|
Zhengying Liu, Adrien Pavao, Zhen Xu, Sergio Escalera, Isabelle Guyon, Julio C. S. Jacques Junior, et al. (2020). How far are we from true AutoML: reflection from winning solutions and results of AutoDL challenge. In 7th ICML Workshop on Automated Machine Learning.
Abstract: Following the completion of the AutoDL challenge (the final challenge in the ChaLearn
AutoDL challenge series 2019), we investigate winning solutions and challenge results to
answer an important motivational question: how far are we from achieving true AutoML?
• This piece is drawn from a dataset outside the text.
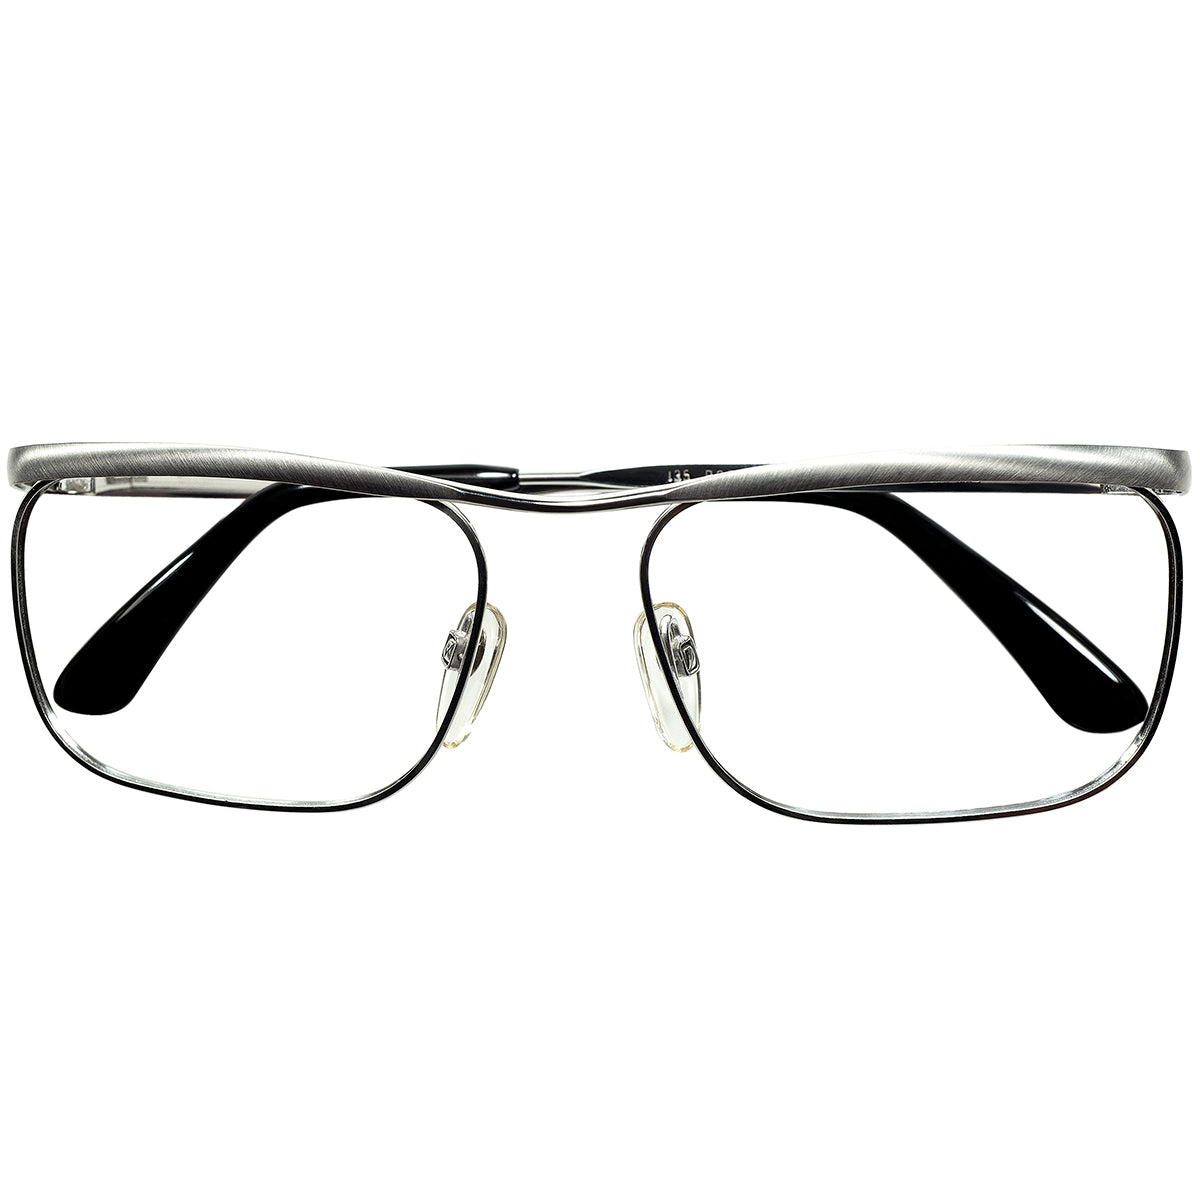 歴史に残る傑作モデル 1960s-70s デッドストック 西ドイツ製オリジナル RODENSTOCK ローデンストック CARLTON FLACH  カールトン 1/20 10K金張 size54/16 ビンテージ ヴィンテージ 眼鏡 メガネ 【a9226】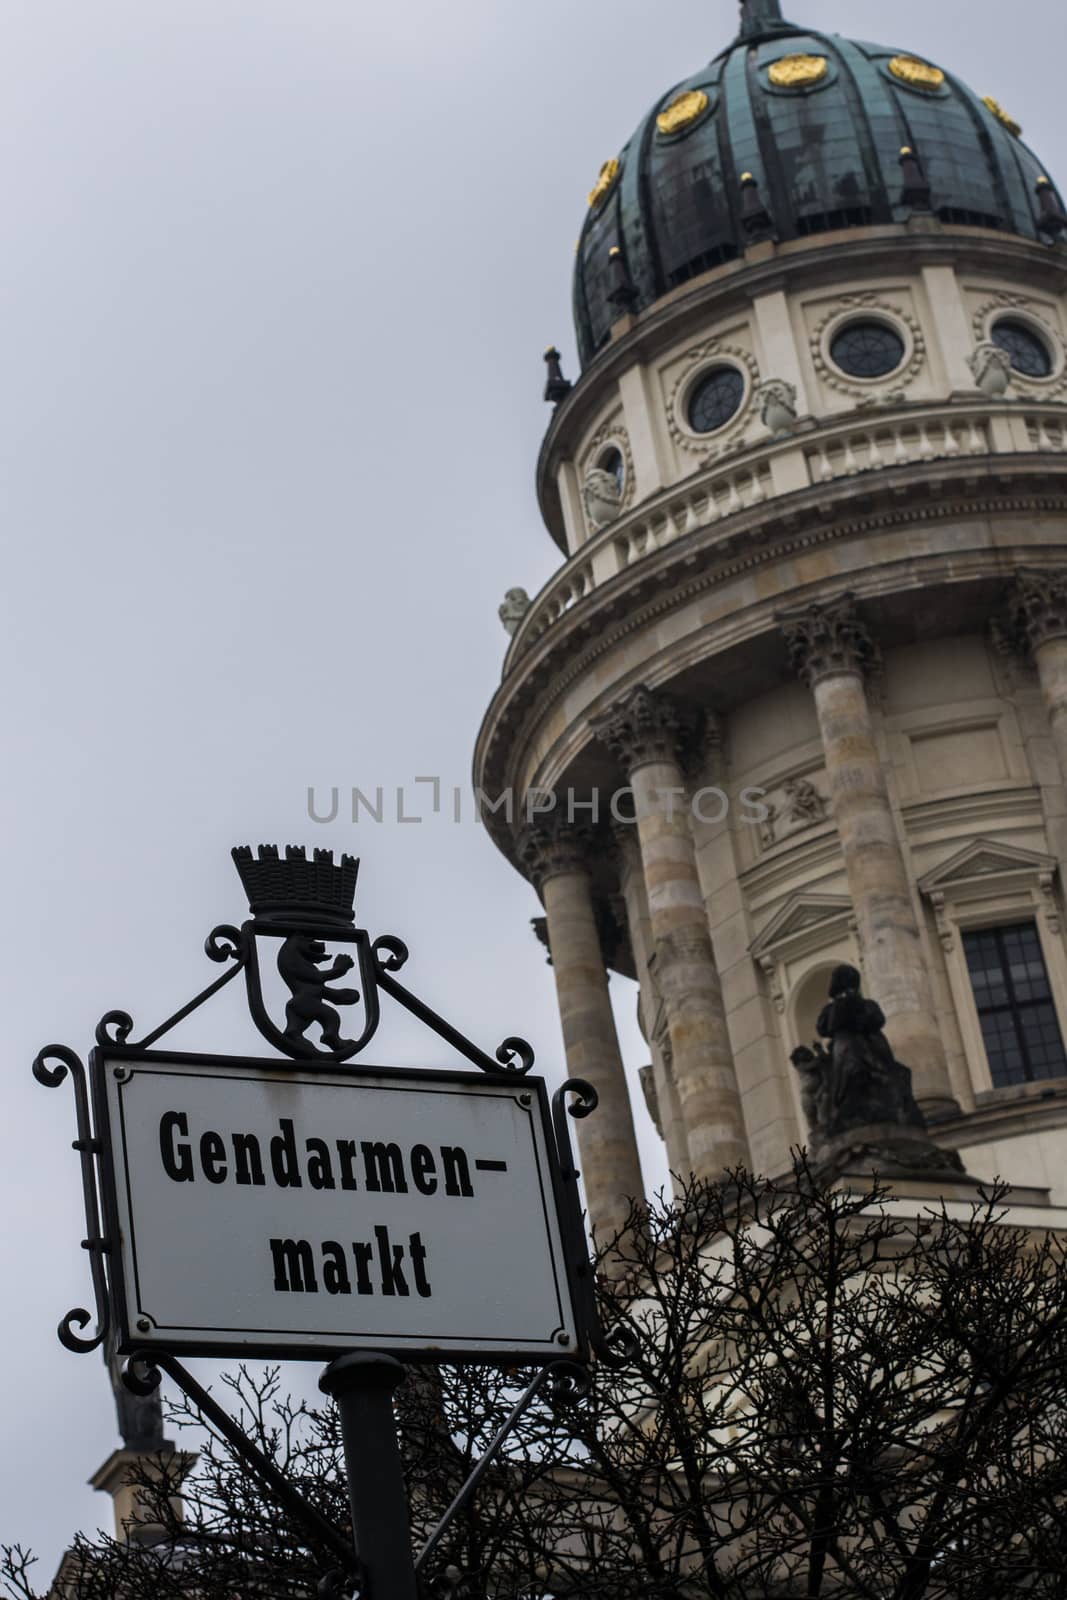 Gendarmenmarkt signboard in Berlin, Germany by kb79

On one hand, the winning solutions achieve good (accurate and fast) classification performance on unseen datasets. On the other hand, all winning solutions still contain a
considerable amount of hard-coded knowledge on the domain (or modality) such as image,
video, text, speech and tabular. This form of ad-hoc meta-learning could be replaced by
more automated forms of meta-learning in the future. Organizing a meta-learning challenge could help forging AutoML solutions that generalize to new unseen domains (e.g.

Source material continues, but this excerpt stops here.